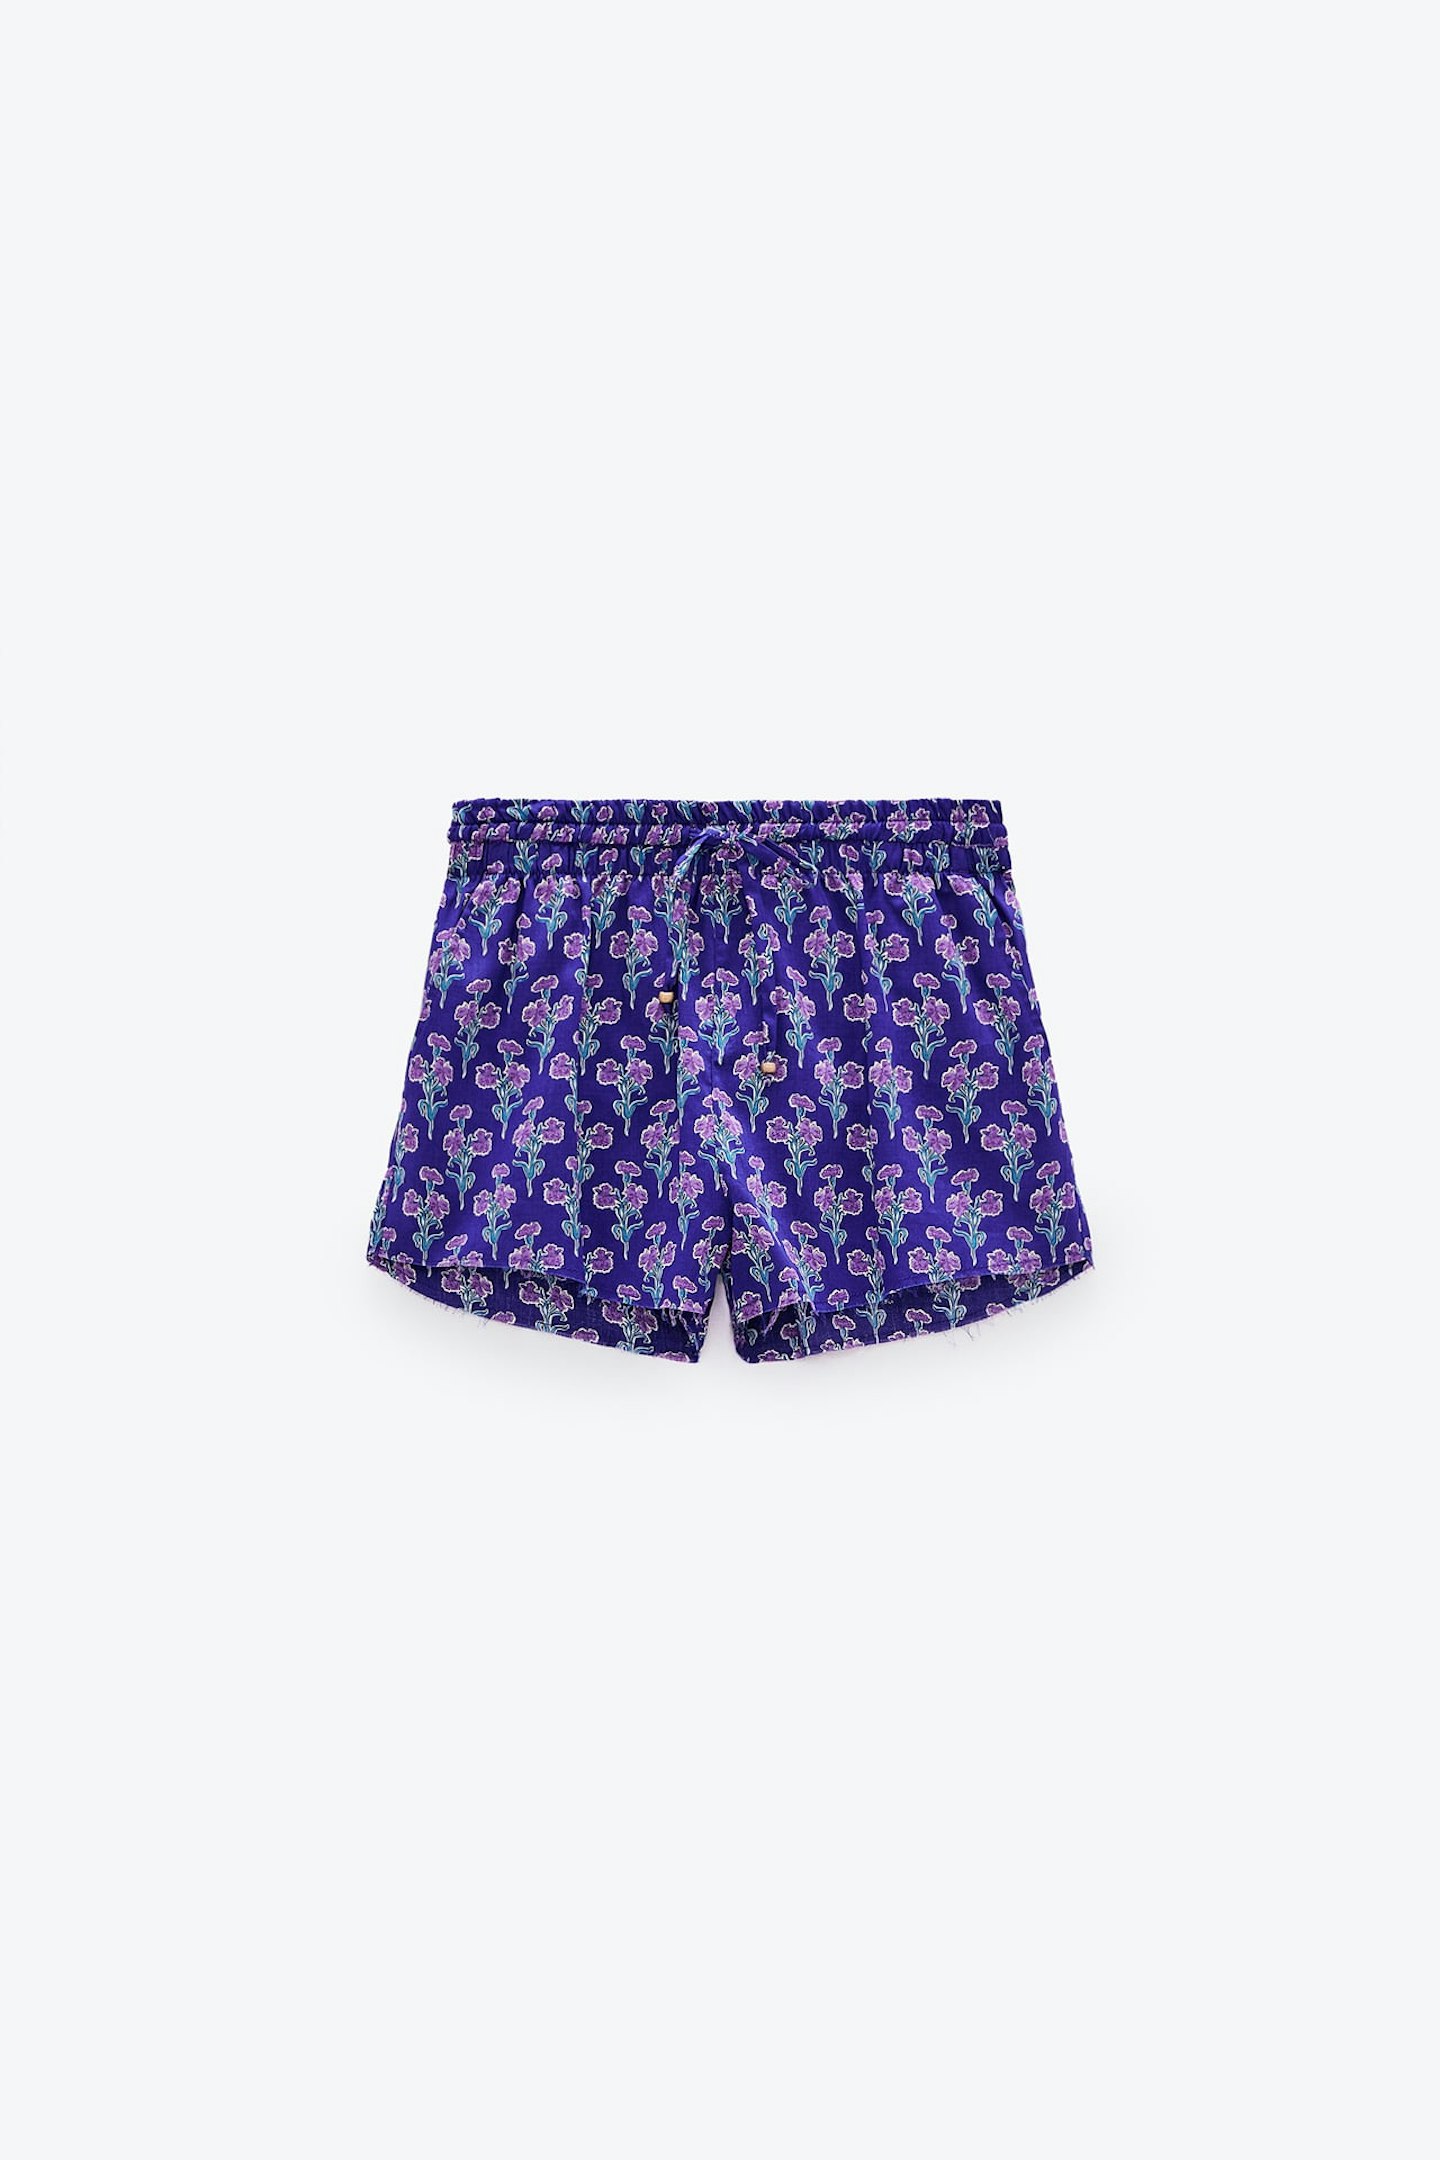 Libra - Printed Bermuda Shorts, £25.99
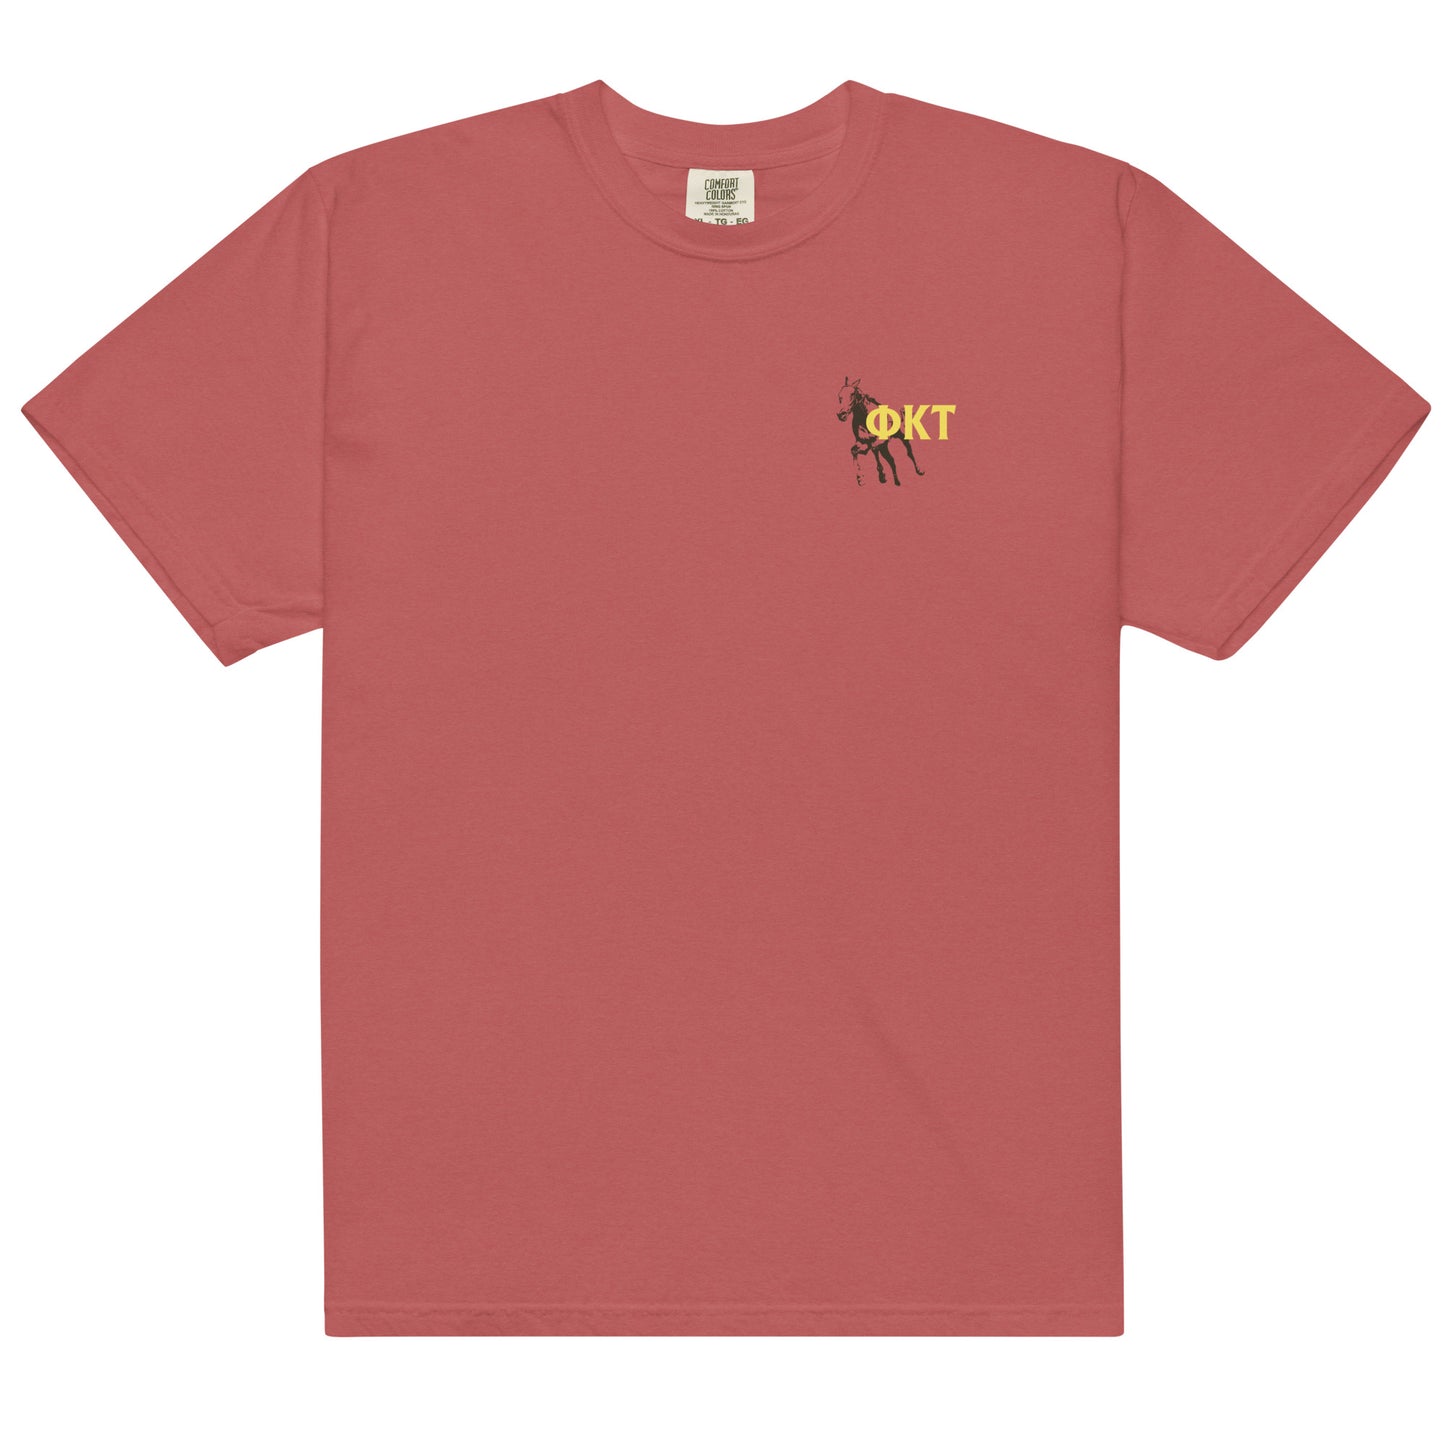 Drop 003: Phi Tau Derby T-Shirt by Comfort Colors
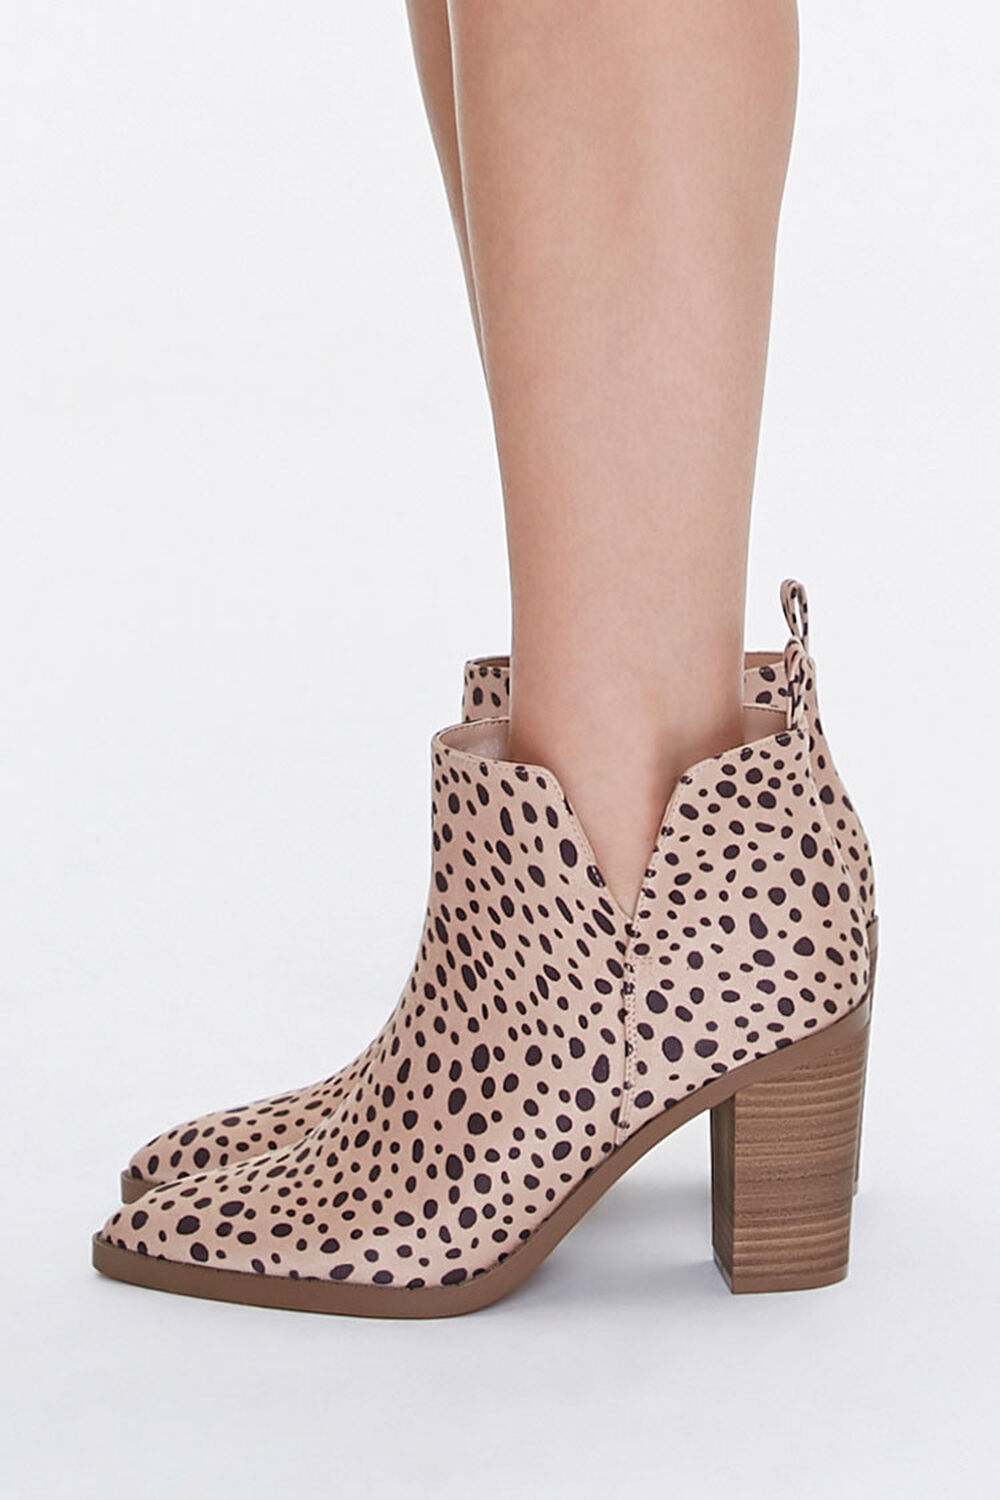 TAN/MULTI Cheetah Stacked Heel Booties, image 2
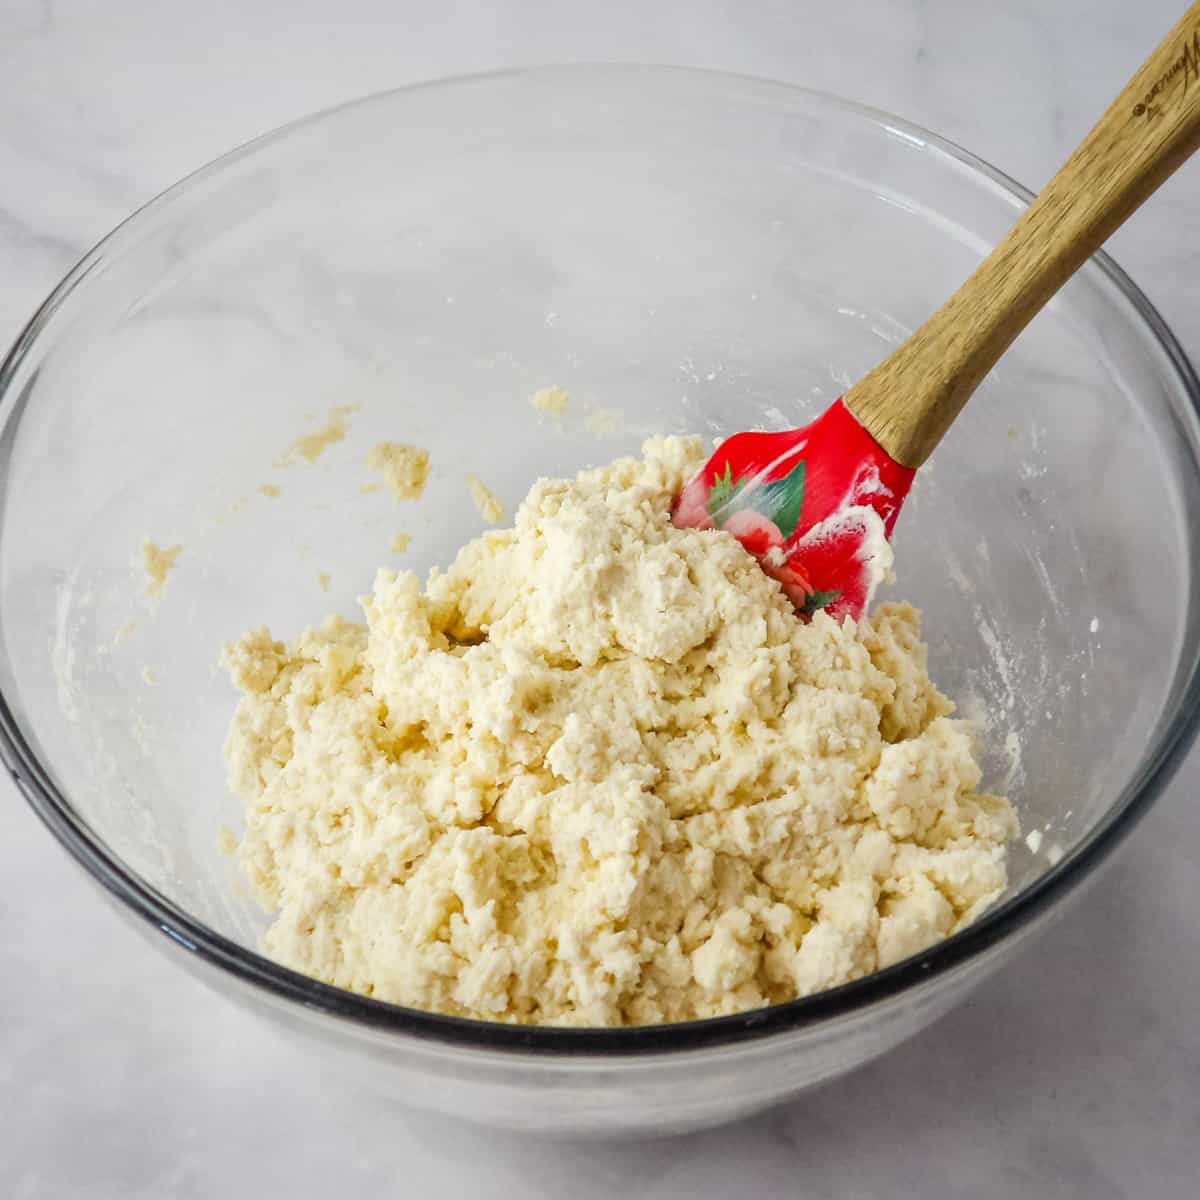 Folding buttermilk into self-rising flour in a glass bowl.

════════════════════

* Exercise *
Everything in the data except the pictures should be restated word for word.

* Answer below *
 Libra - Printed Bermuda Shorts, £25.99
 Drop 003: Phi Tau Derby T-Shirt by Comfort Colors
 TAN/MULTI Cheetah Stacked Heel Booties, image 2
 Folding buttermilk into self-rising flour in a glass bowl.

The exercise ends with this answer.